Alan Craig was thirty-three years of age. Tall, dark with a sensitive, handsome face, good eyes and an obvious Etonian background, he had been Personal Assistant to Mervin Warren, Head of Rocket Research for the past five years. Since leaving England, and settling in the United States, Craig had had a successful career. He had gone to Washington as a junior official attached to a Rocket Research group sent over by the British Government on a fact-finding exchange of views. He had been spotted by Mervin Warren who was always on the look-out for keen, young talent. Warren had decided this brilliant young man could be more useful to him than to the London group. An offer was made and accepted, and Warren had had no regrets. He quickly satisfied himself that he had found the best and most intelligent Personal Assistant he could wish to find.

Warren had been in Paris now for two months conferring with French scientists in yet another exchange of views and ideas. Their final meeting had taken place the previous day. Tomorrow, he and Craig would be returning to Washington.

As Craig opened the suitcase, the telephone bell rang. He walked into the sitting-room and picked up the receiver, “Yes?”

“Is that you, Alan?”

He recognized the soft voice with its strong American accent and he became alert.

“Hello there, Jon. I’m just packing. How are you?”

“Fine . . . fine. Look, Alan, could you come down to my hotel? Say in a couple of hours? I’ve something that will interest you. It’s important.”

“Why, yes, of course. At one o’clock? What is it?”

“See you at one then,” and the line went dead.

Craig was puzzled. Something that will interest you. Was Jonathan Lindsey going to make him an offer? he wondered. Craig was ambitious. He had no intention of remaining much longer as Warren’s general factotum. He had met Lindsey at an Embassy cocktail party and had immediately liked him; a man around sixty years of age, tall, white haired, ruddy complexion with steady pale blue eyes who said he was in oil. Craig knew power and money when he met the combination. He knew instinctively that Lindsey was important, and Craig was always drawn to and interested in people of importance. They had met again. Lindsey usually dined at
La Tour d’Argent
, and Craig was more than willing to eat at such a luxury restaurant at Lindsey’s expense. They were quickly on first name terms. Now suddenly . . . something that will interest you.

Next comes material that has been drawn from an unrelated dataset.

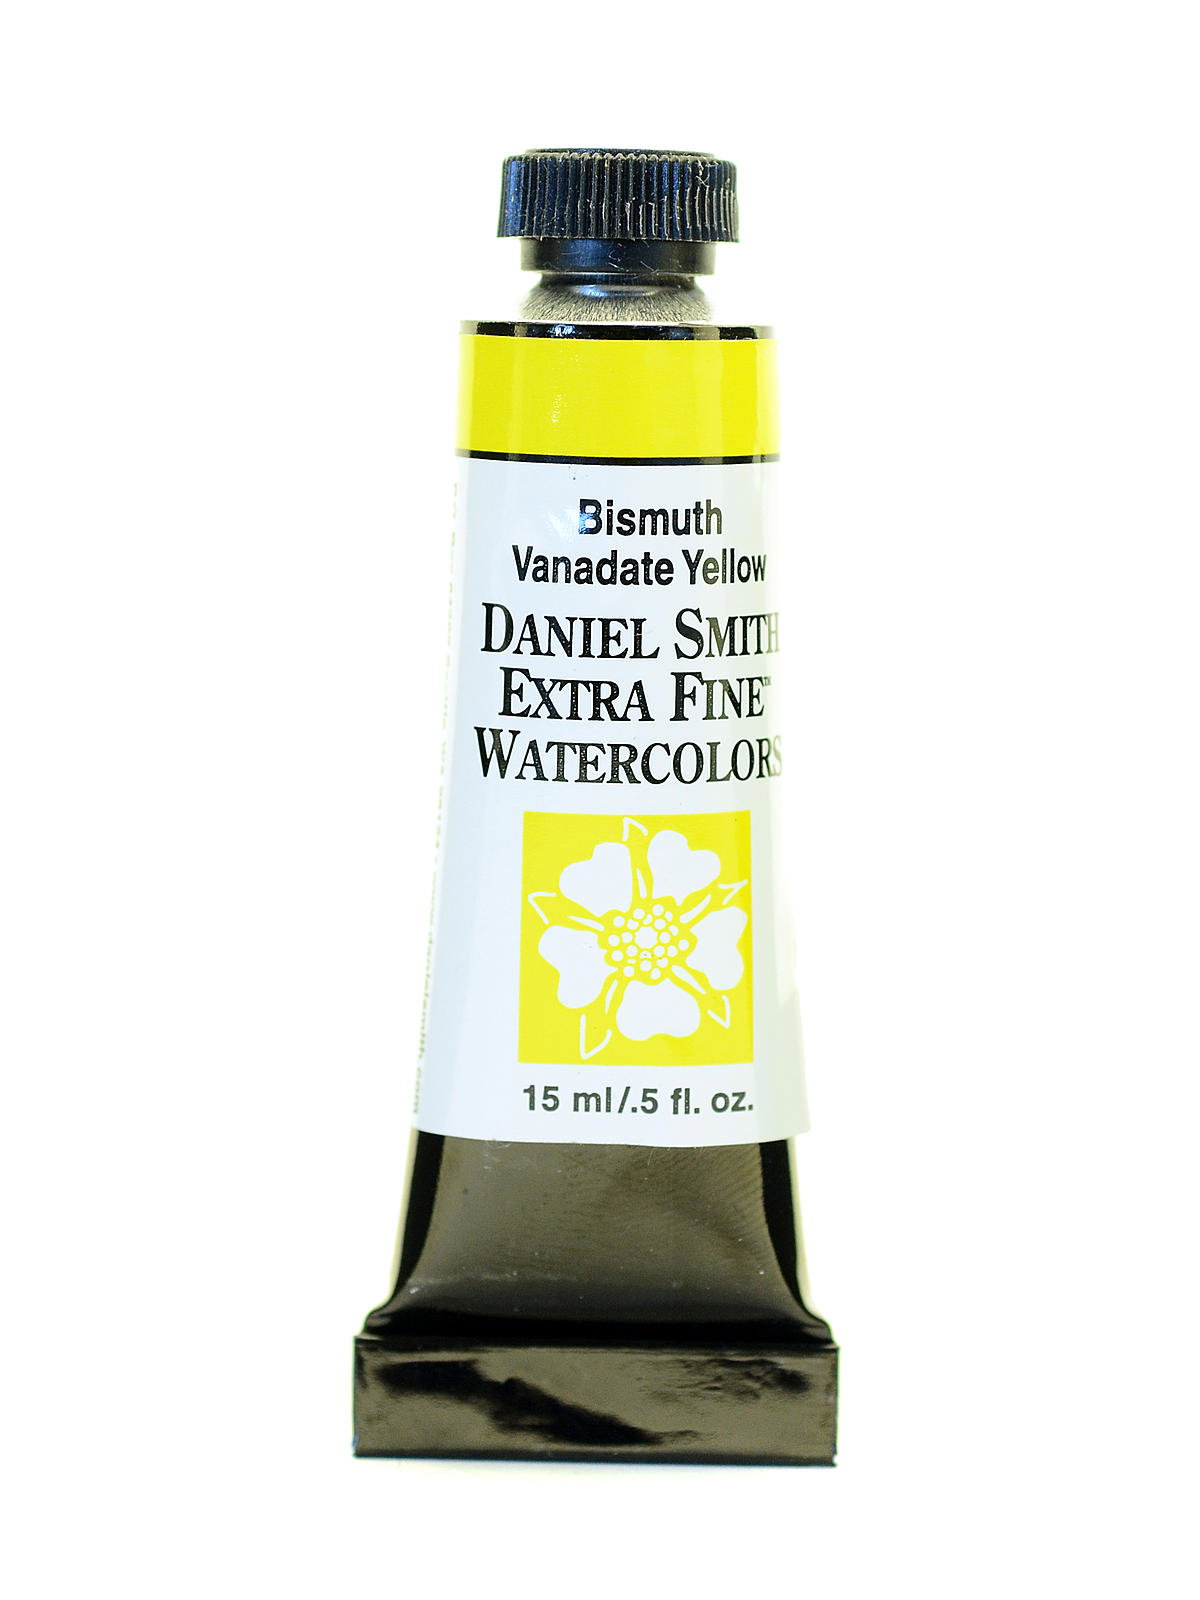 Daniel Smith Extra Fine Watercolor - Verona Gold Ochre 15 ml

He packed the suitcase, then changed into a grey lounge suit and slid into black, highly polished casual shoes. He surveyed himself in the full mirror, deciding he looked pale and there were dark shadows under his eyes. He grimaced. That Jerry, he thought. Paris had been too hectic . . . too many temptations. He would be glad to get back to Washington. He slapped his cheeks sharply, bringing slight colour to them. That was better, he thought. He went into the sitting-room. Should he have a drink? He felt pretty low. A shot of Vodka might set him up. He mixed a Vodka and lime juice, then sat down, nursing the drink, his mind on Lindsey.

Suppose Lindsey offered him a job? That meant Texas. Would he want to bury himself in Texas? It would depend on the money. He would play hard to get. He knew Lindsey was impressed by his record. He had seen him talking to Mervin Warren, and later. Lindsey had said they had discussed him. Lindsey had looked thoughtfully at him, those pale blue eyes probing. “Warren tells me you are the best P.A. he has ever had,” he had said finally “Coming from Warren that means something.”